Тогда-то вместе с желанием поскорей дойти до дому, чтоб сделать как «настоящий музыкант», я вдруг осознал все, хотя терпел еще четверть века, прежде чем написал «Ad interpretem». То-то кое-кто назвал это вонью. В пятнадцать лет задают дурацкие вопросы, но ответы по-снайперски метки, молодой глаз остер. С годами все наоборот, и бессильно вздыхаешь: «Если б молодость знала, как спрашивать, если б старость, сколотившая опыт, как сколачивают капитал, могла толково отвечать». Беру отца за пуговицу и выкладываю все об исполнительстве. Он выслушал с тем же вздохом, с каким когда-то сказал мне: «Если ты женишься не на еврейке, лично я ничего не буду иметь против».

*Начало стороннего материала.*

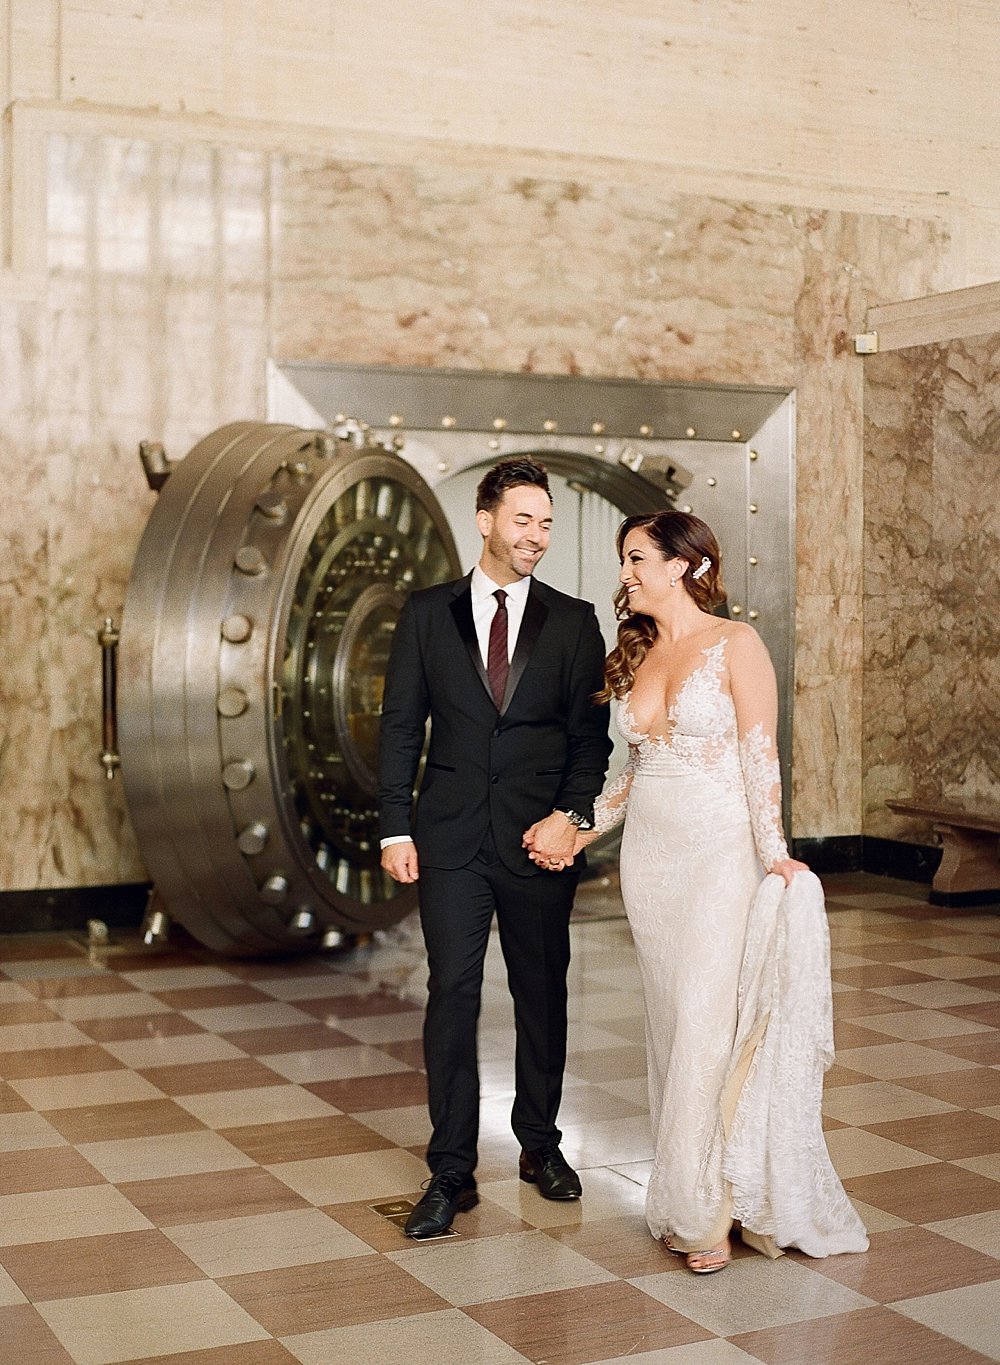 This moody and eclectic wedding at the historical DuPont Building in Miami, Florida is sure to make you swoon.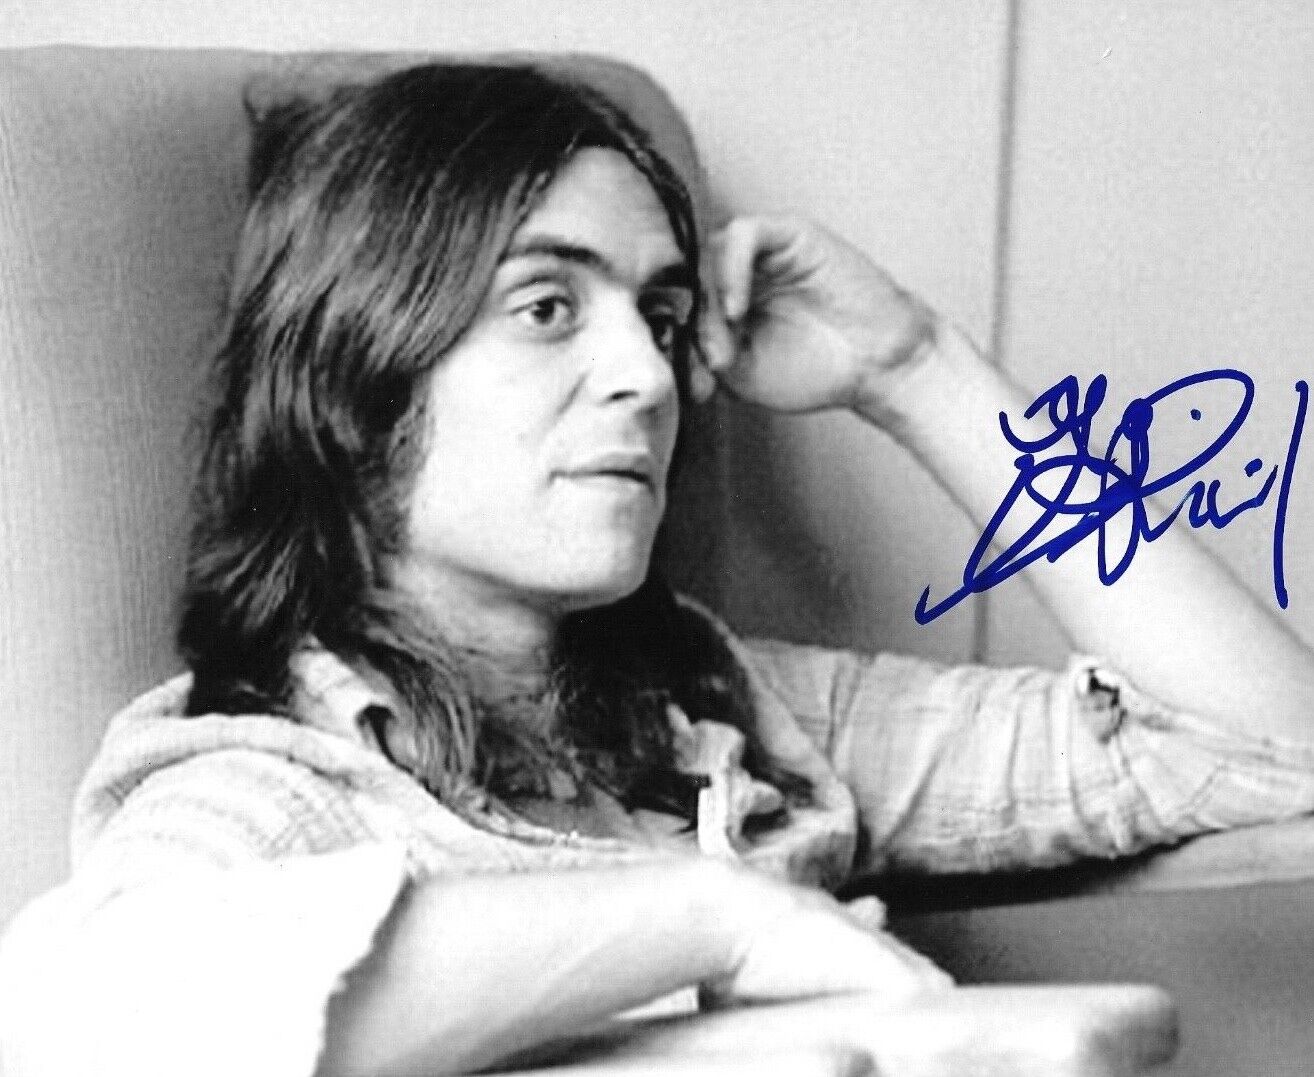 * TERRY REID * signed 8x10 Photo Poster painting * ROGUE WAVES * LED ZEPPELIN * PROOF * 5

Арпеджионе – «гитара любви», по которой, зажав ее между колен, водили смычком. Легко представить себе, какие в реальности звуки она издавала, сконструированная венским умельцем в эру «бидермайера». Если оставить только голый ствол мысли, без листвы и без ветвей, то в своей «Ad interpretem» я отвечаю на вопрос: были ли «мои горячие слезы» («meine heisse Tränen») достаточно горячи во времена всеобщего домашнего пиликанья? Была ли шубертовская «Арпеджионе» и тогда тем же, чем является для нас, или стала ею лишь проникновеннейше сыгранная Шафраном, Гутман etc? Я утверждаю, что исполнение лишь включает в розетку внутреннее знание, которое, собственно, и бьет током. Вот почему музыкальное интерпретаторство следует считать неизбежным злом, средостением между слухом и духом («Душа отравляется через ухо»), не позволяющим переживать самое музыку, а лишь сопереживать ее переживанию другими. Притом, что музыка вернулась к своему дотональному состоянию. Притом, что душеспасительное разрешение диссонанса в консонанс вытеснено оргиастическим отбиванием такта чреслами. Оргазм с катарсисом, как Антихрист с Христом, на одно лицо. Я предрекаю классическому исполнительству уже в ближайшем будущем участь «Голодаря» Кафки:
За последние десятилетия интерес к искусству голодания заметно упал. Если раньше можно было нажить большие деньги, показывая публике голодаря, то в наши дни это просто немыслимо.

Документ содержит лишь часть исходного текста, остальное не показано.